Dans le document ACTES de CONFERENCE INTERNATIONALE E-VIRTUOSES (Page 110-112)

Pierre-André Caron, laboratoire CIREL, université Lille1

pierre-andre.caron@univ-lille1.fr

1. Introduction

Les Serious Game adaptés à l'enseignement [Prenski, 2000], [Johnson, 2005], [Alvarez, 2007], [Alvarez et al 2010], [Djaouti 2011] sont l'objet de nombreuses définitions qui s'accordent sur le fait que les dimensions ludiques, informationnelles et communicationnelles doivent s'articuler au sein de ces jeux aux dimensions pédagogiques, didactiques, et instrumentales pour en faire des instruments favorisant l'apprentissage. Nos précédentes études,[Caron et al 2005], [Caron 2007] [Caron & Varga 2009], [Caron et al 2010] ont par ailleurs montré, la place en enseignement (présentiel hybride ou elearning) que les enseignants artisans et bricoleur tenaient lors de la conception dans l'usage des dispositifs qu'ils utilisaient. Or, non seulement, le processus de conception d'un Serious Game éducatif laisse peu de place à la conception participative des usagers [Flichy 1995] et des enseignants en particulier [Marfisi-Shottman 2009] mais également il relègue à un deuxième temps de conception les considérations pédagogiques [Marne et al 2011]. Cette particularité est due au caractère industriel du processus de production [Tran et al, 2010, p2] qui privilégie l'usage de plate-forme de jeu générique, et des patrons de conception [Marne et al 2011]. La place des enseignant et plus généralement des considérations pédagogique sont alors plus à trouver du côté des détournements dont les jeux font l'objet par les enseignants , ou dans l'usage que ces derniers font dans un cadre éducatif du concept d'usine à jeux [Sauvé 2010]. Pour notre part, nous étudions depuis plusieurs années la possibilité de favoriser, lors du processus initial de conception d'un jeu sérieux, la prise en compte de dimensions propres aux Sciences de l'éducation.
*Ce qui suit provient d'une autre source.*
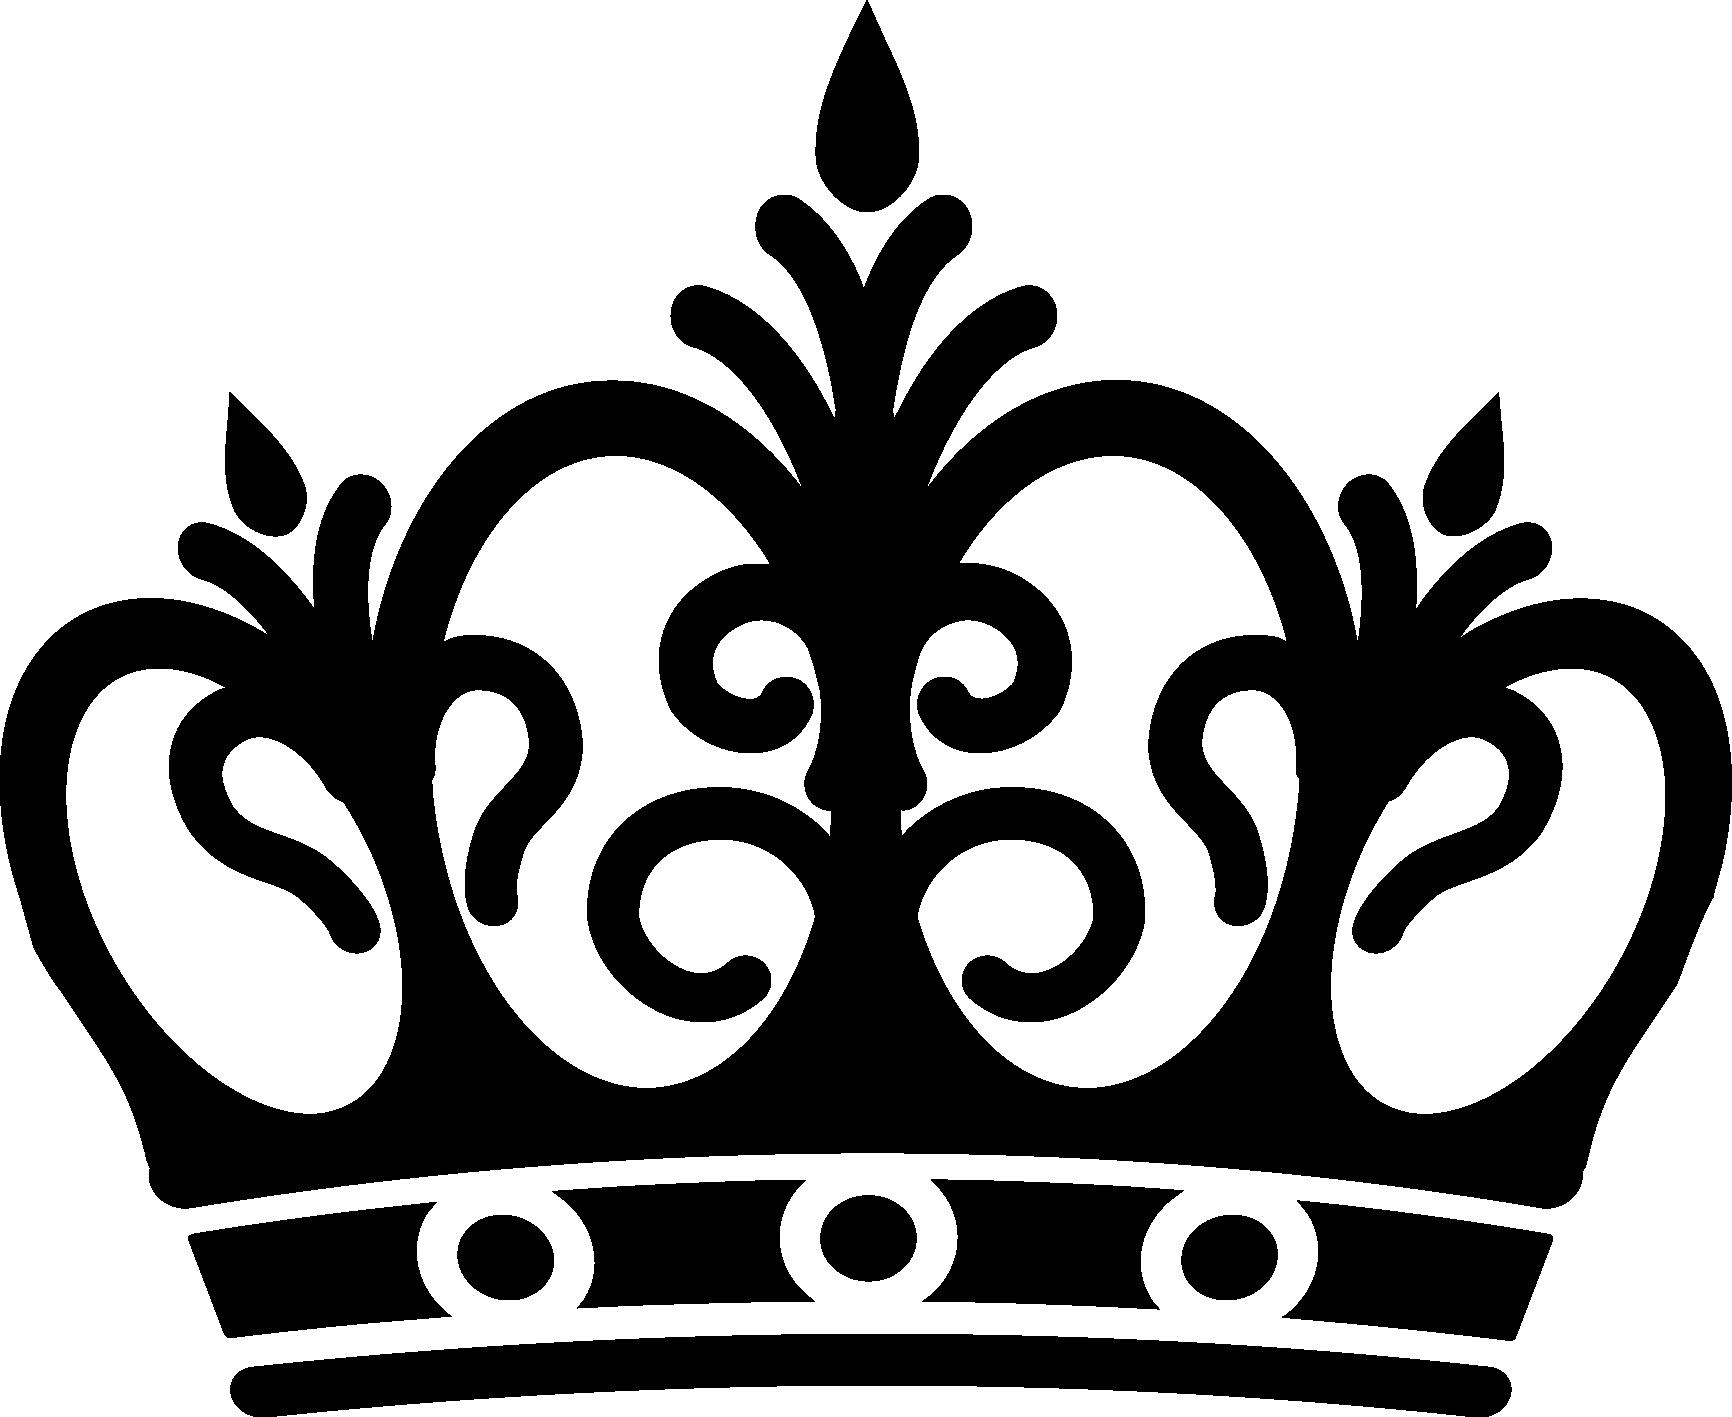 Clipart crown shadow. New black gallery digital

Nous avons ainsi présenté dans le cadre de l'école CNRS Game Based Learning et des formations Game IN, pôle image Nord Pas-de-Calais, un objet pédagogique à six faces : le « didactical scenario »1. Cet objet met en parallèle les

premières phases de conception, en proposant une mise en relation de différents concepts propres au Sciences de l'éducation et à la conception du jeu vidéo. Dans la mise en œuvre que nous présentons, notre objet est utilisé pour la résolution d'une étude de cas élaborée dans le cadre du Master Ingénierie Pédagogique Multimédia de l'université Lille1, cette étude porte sur l'apprentissage de la sécurité routière chez les jeunes motocycliste.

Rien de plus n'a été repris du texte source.